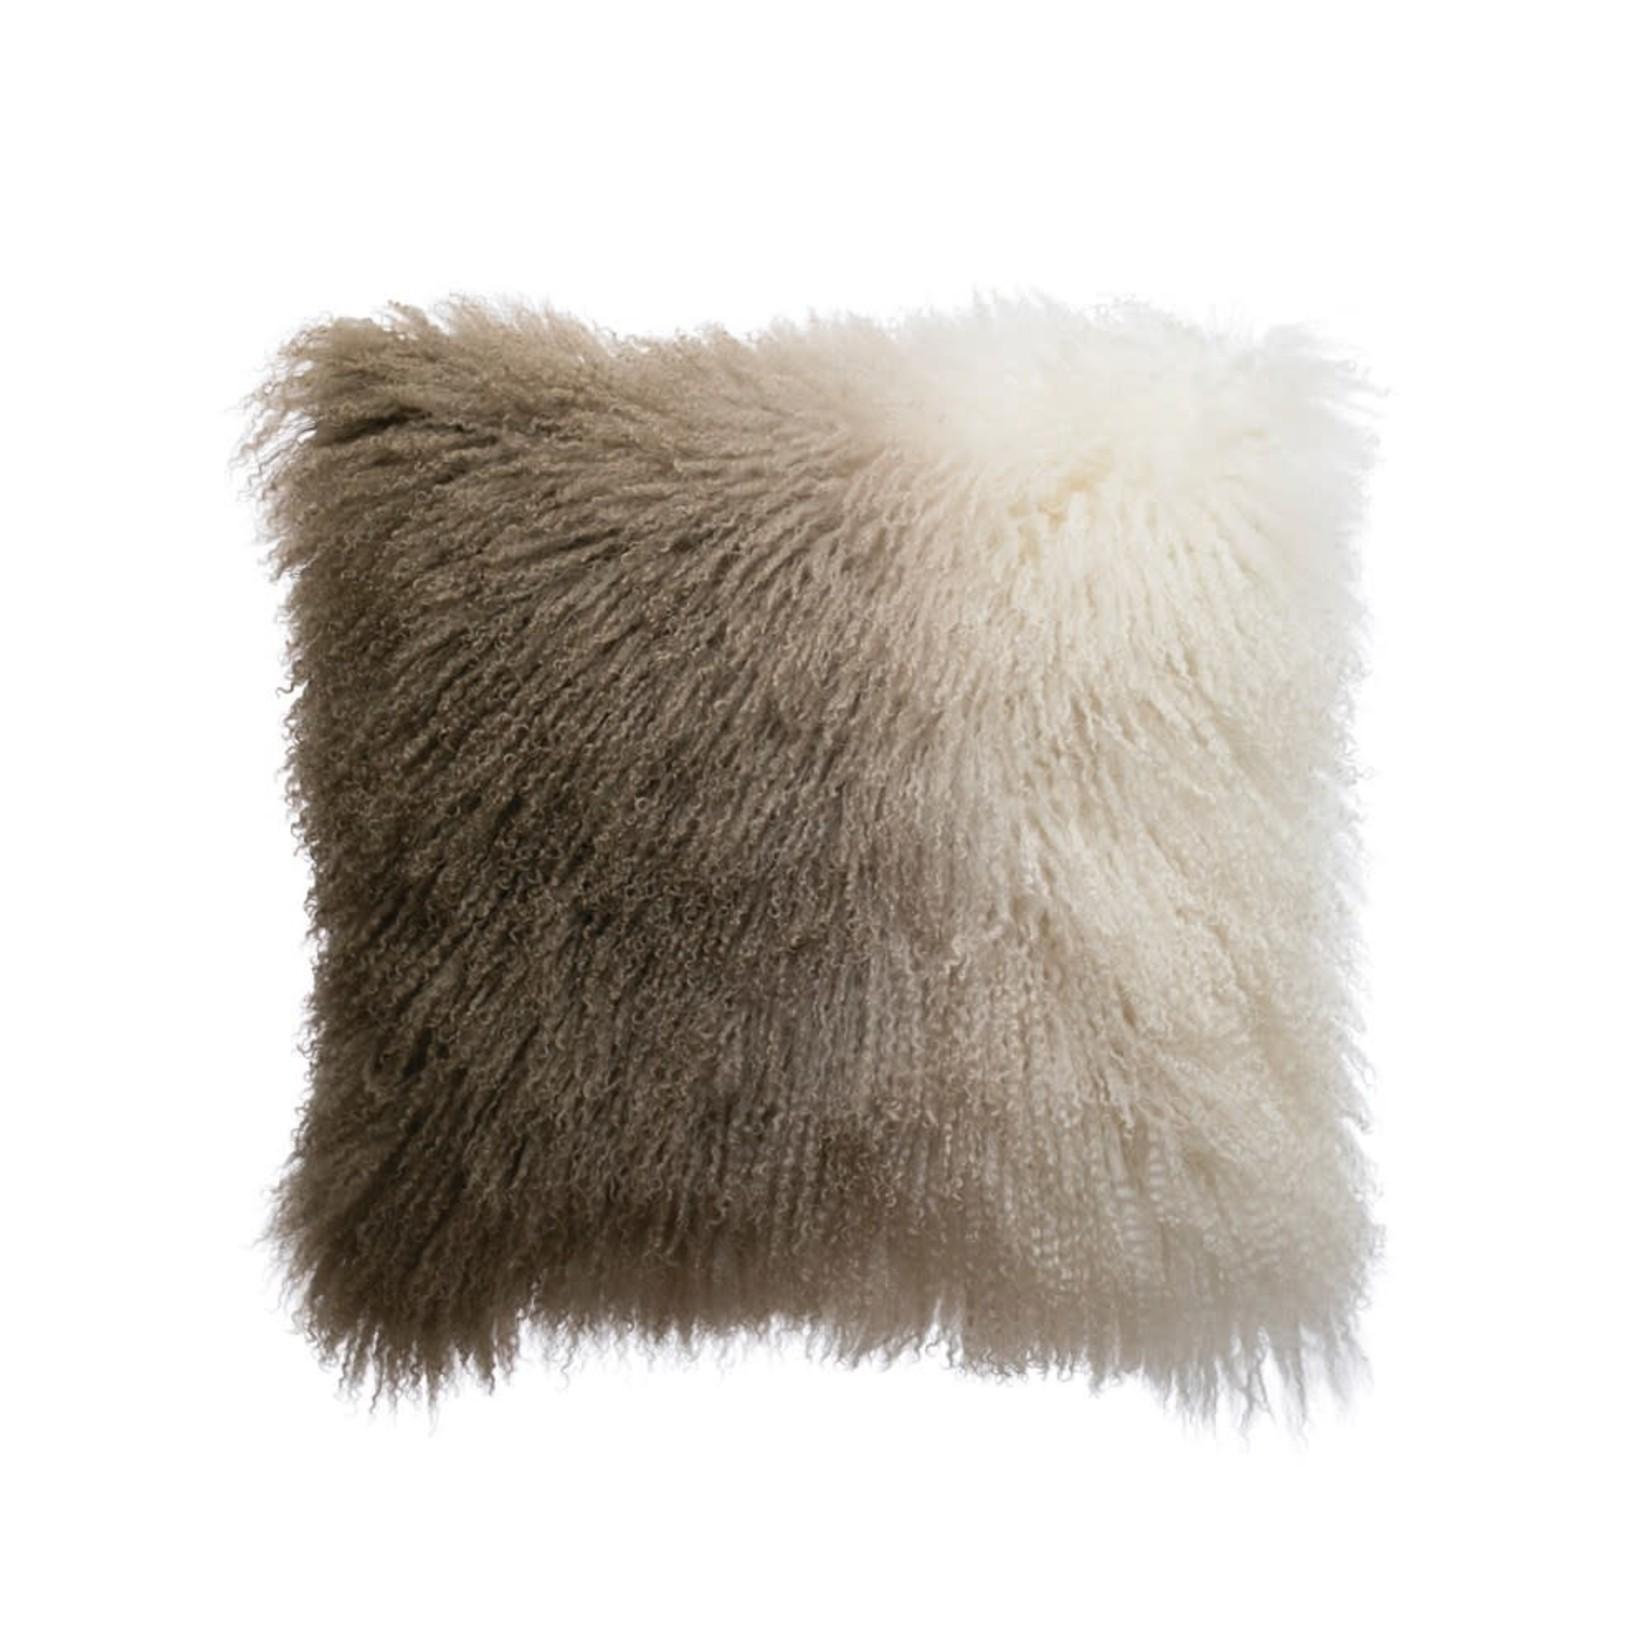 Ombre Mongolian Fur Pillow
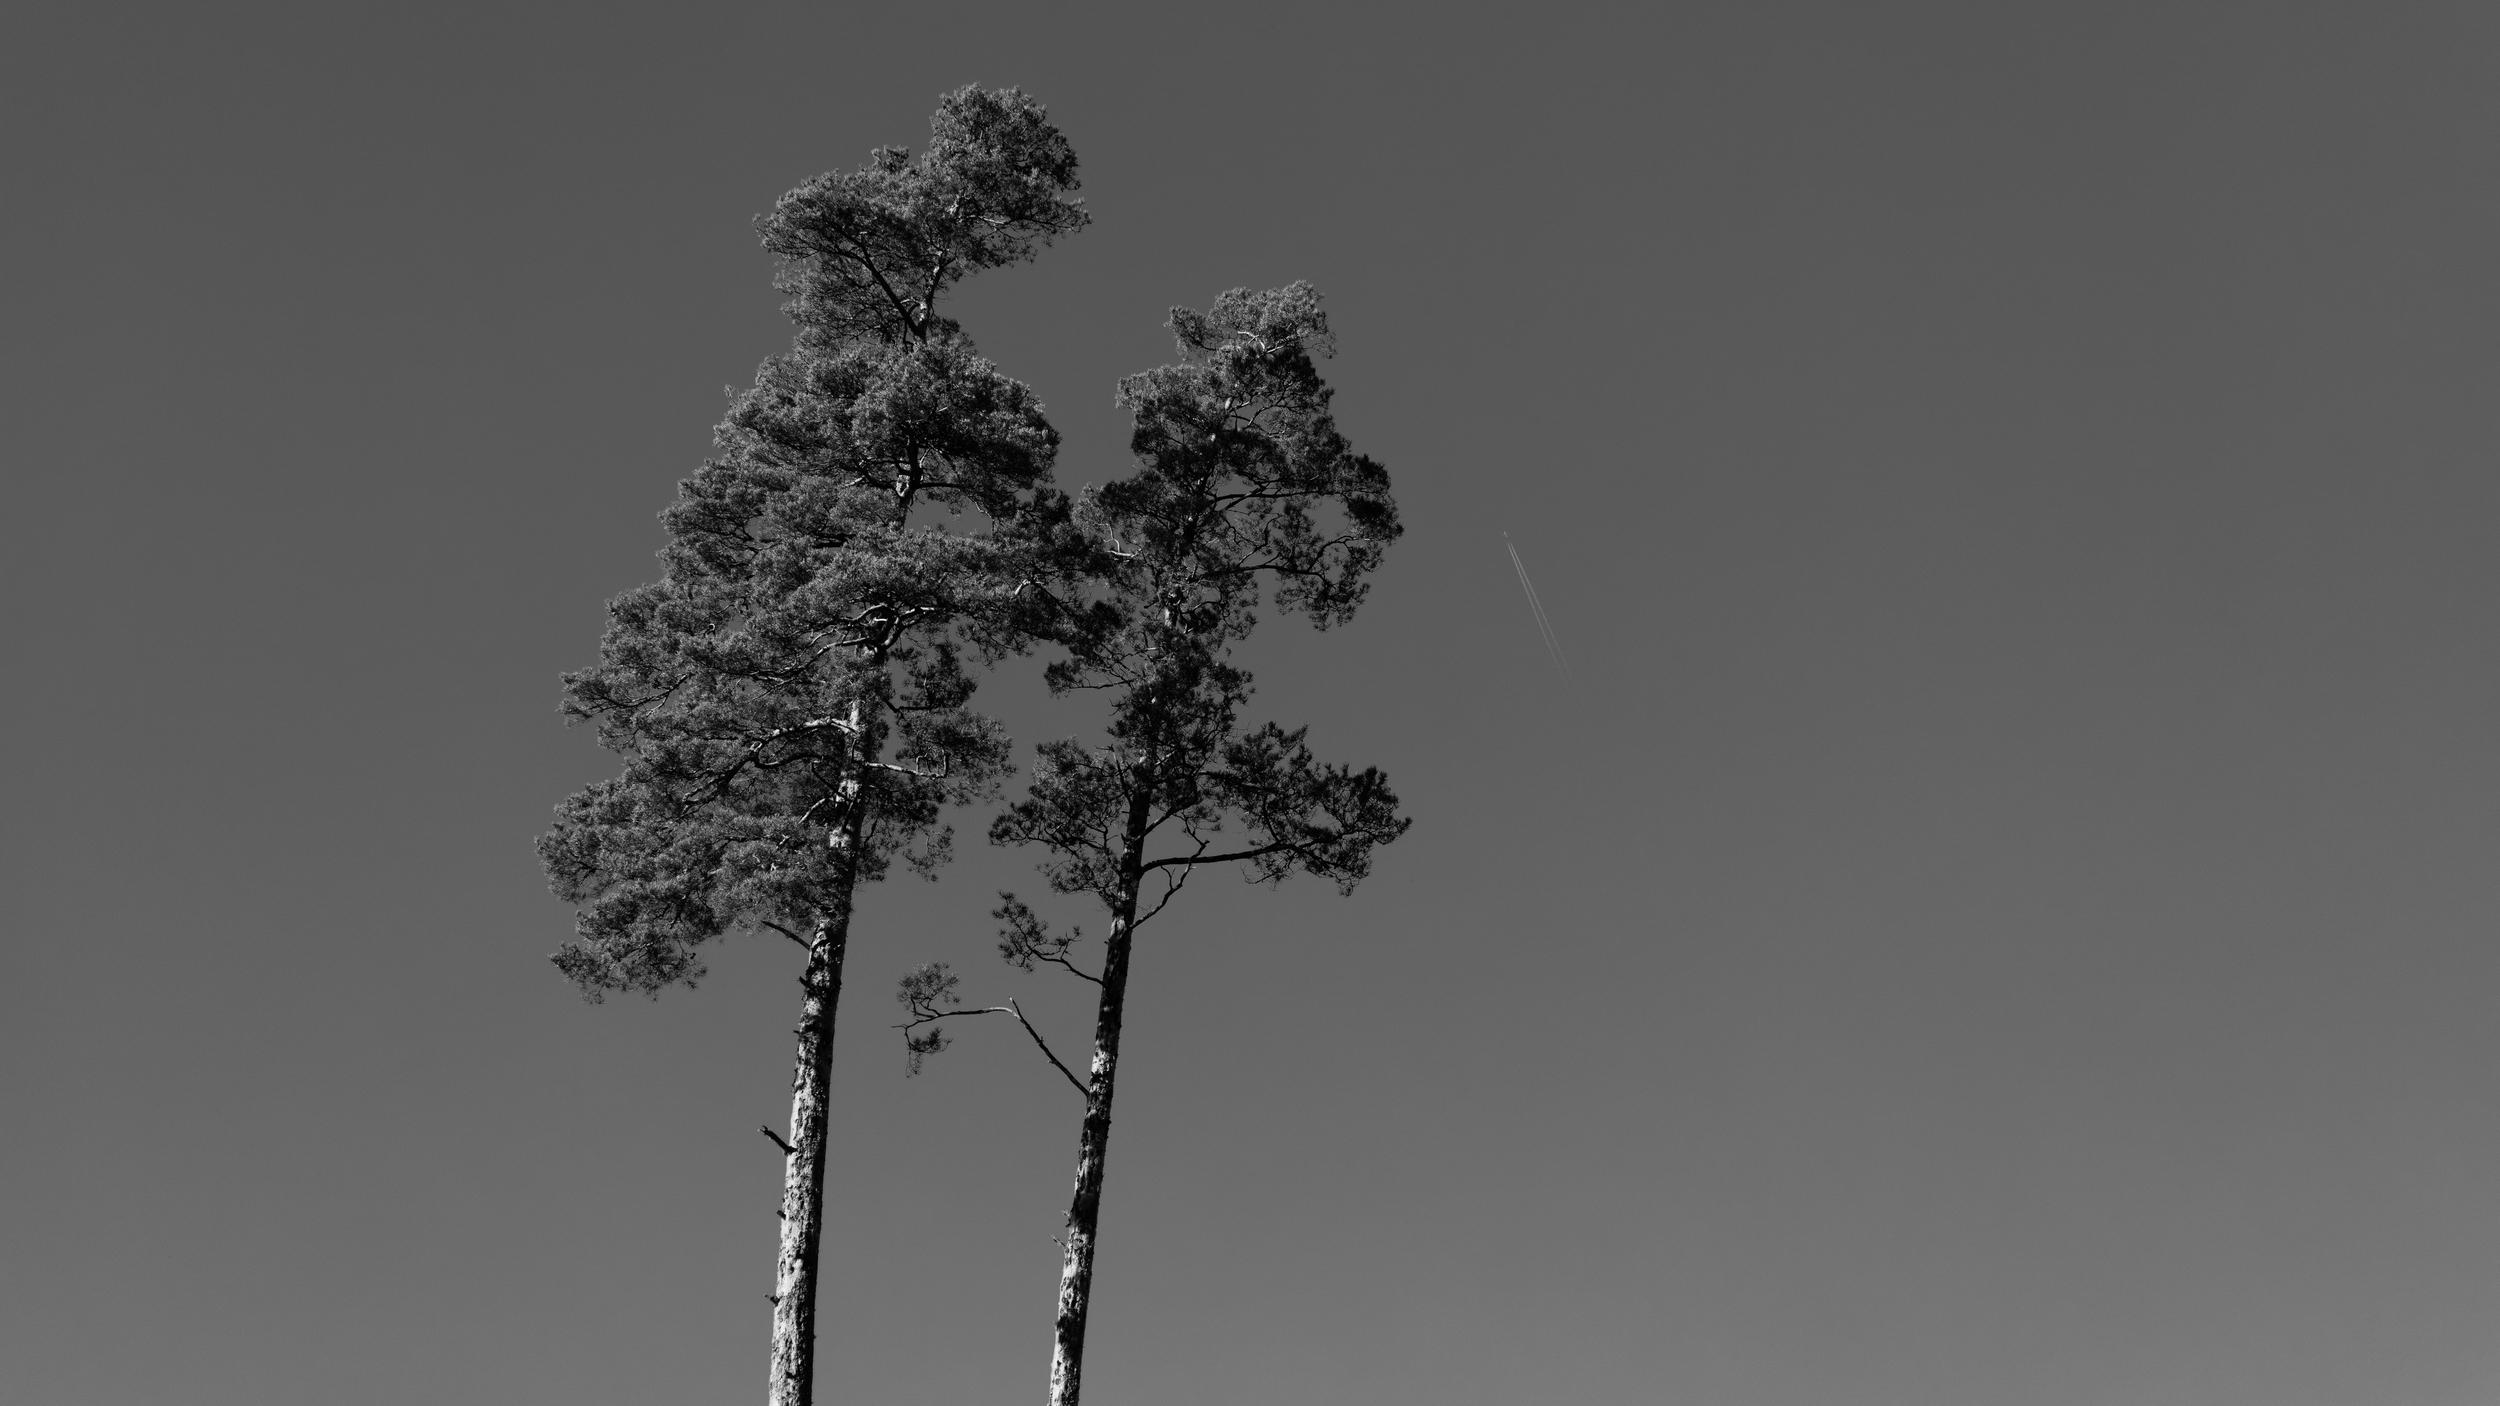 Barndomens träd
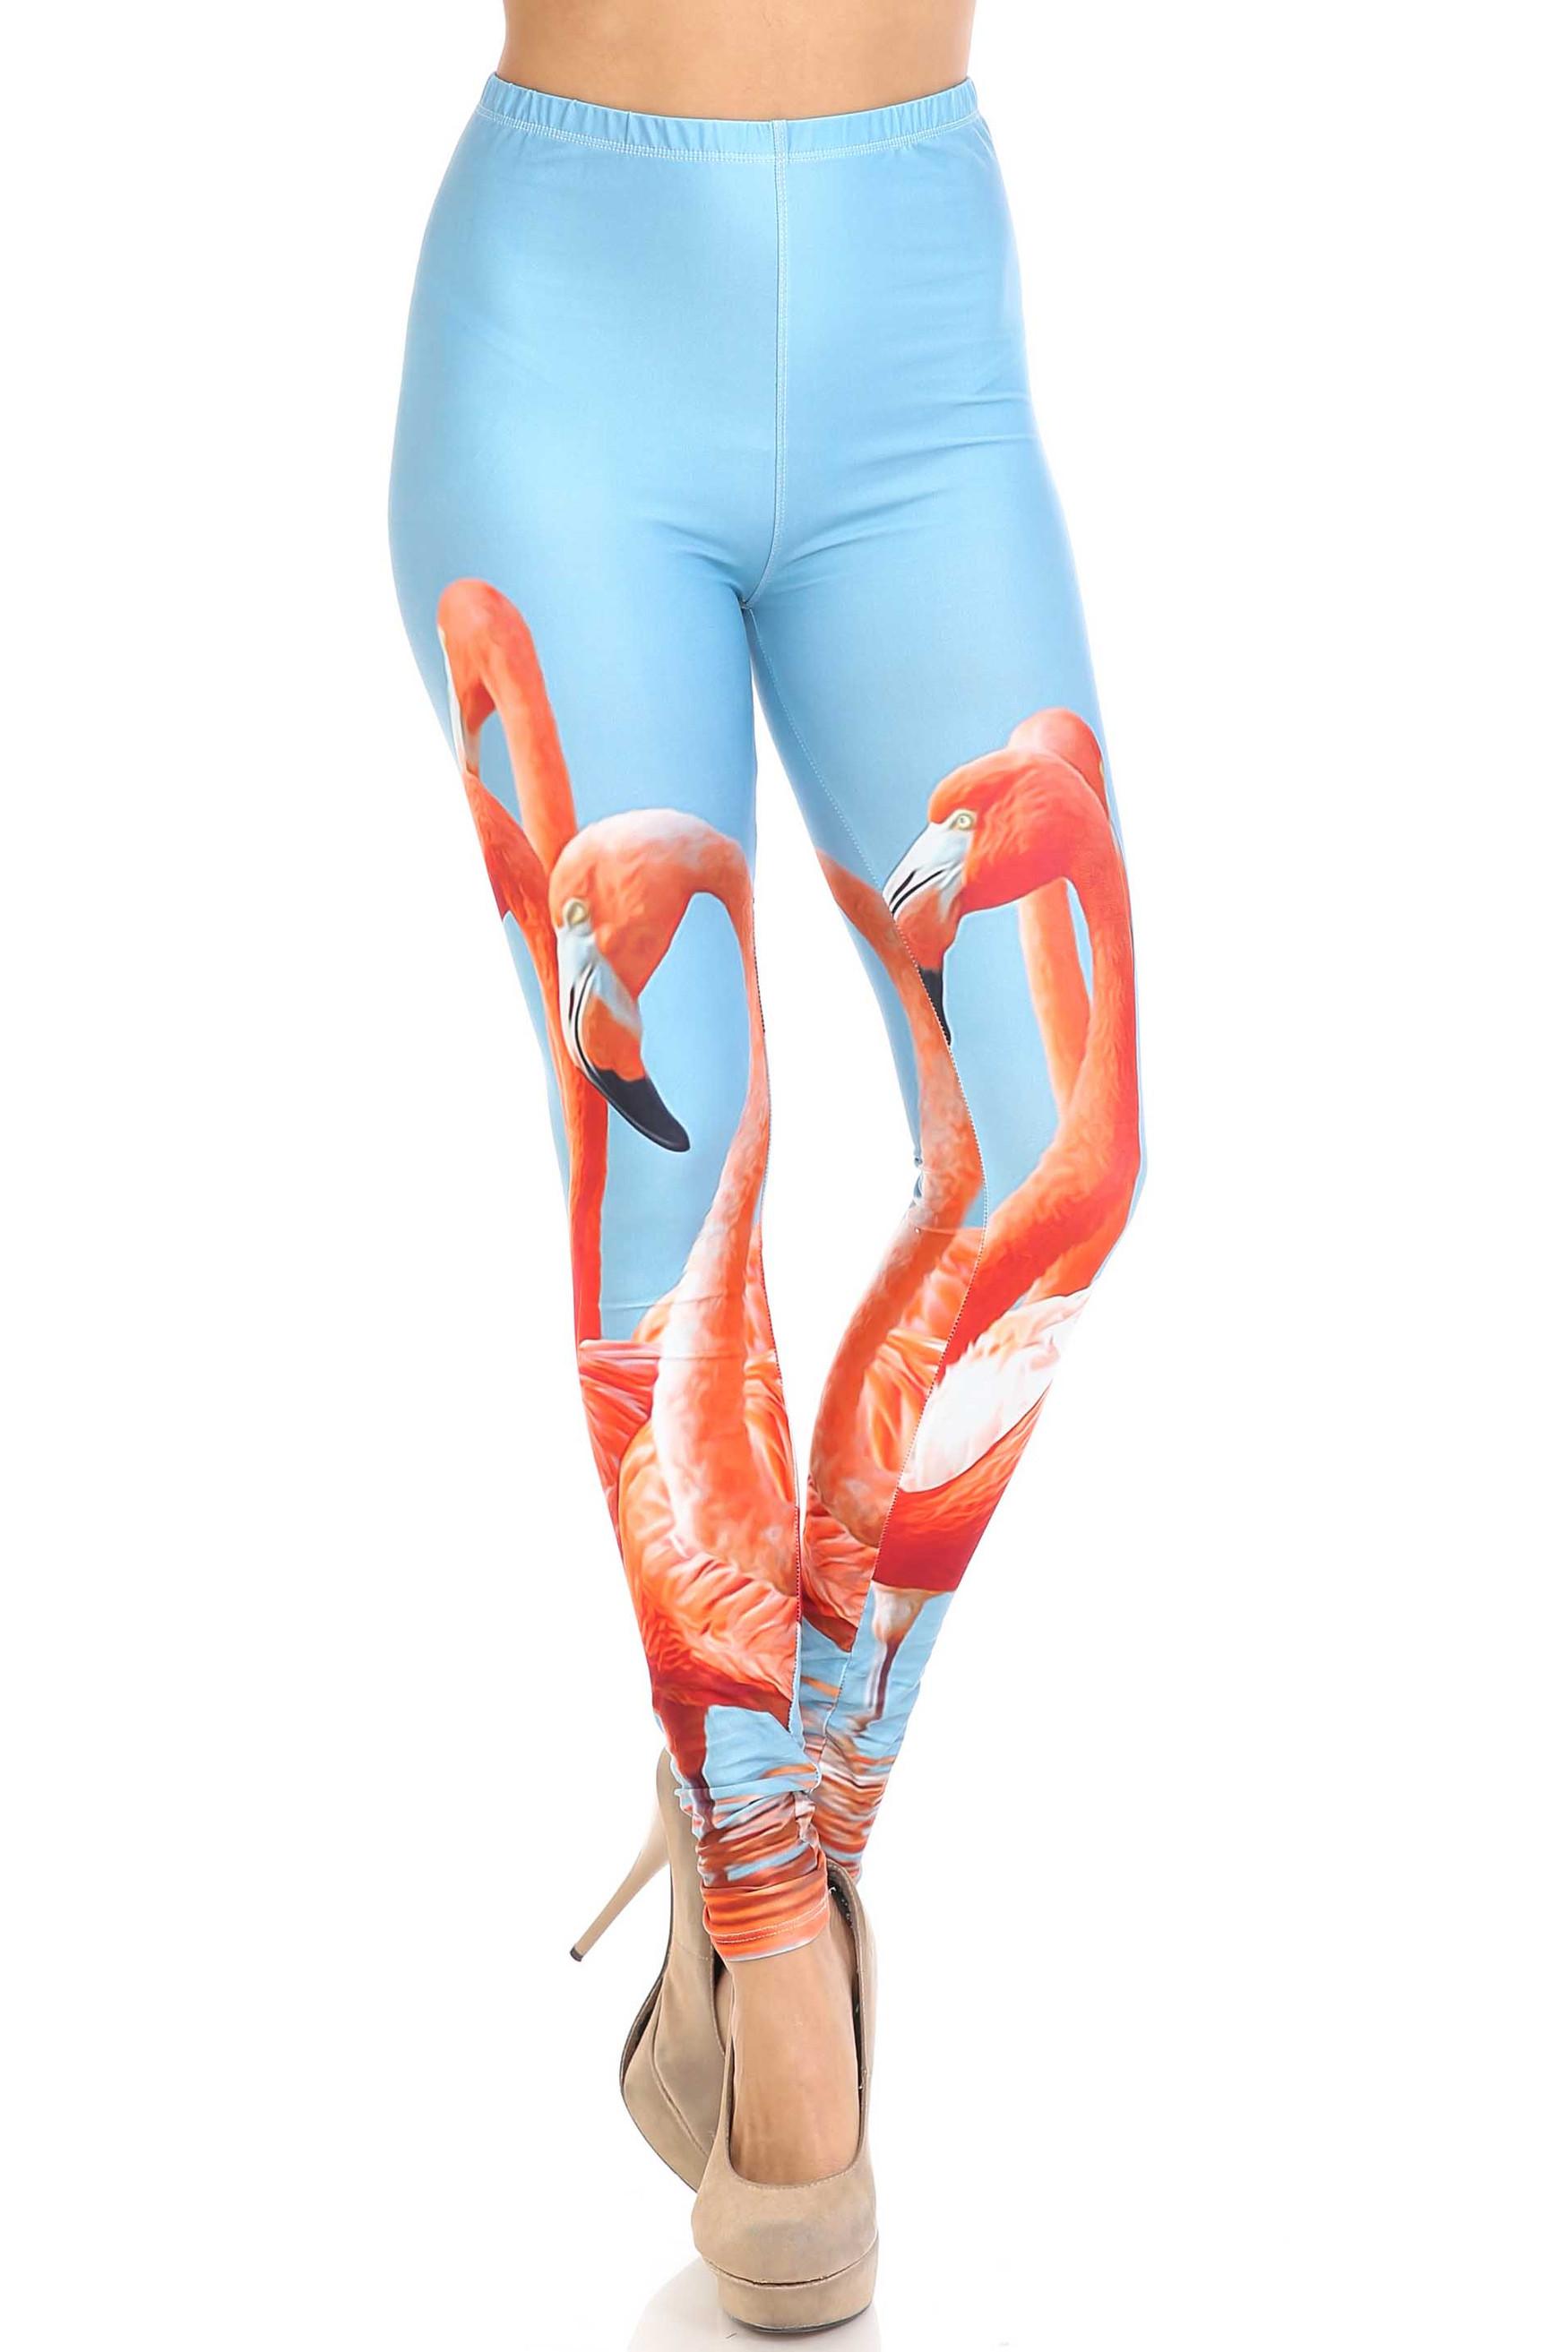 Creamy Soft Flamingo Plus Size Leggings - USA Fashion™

→ THE TASK:
Apart from the pictures, the material above has to be repeated exactly.

→ RESPONSE BELOW:
 Ombre Mongolian Fur Pillow
 Barndomens träd
 Creamy Soft Flamingo Plus Size Leggings - USA Fashion™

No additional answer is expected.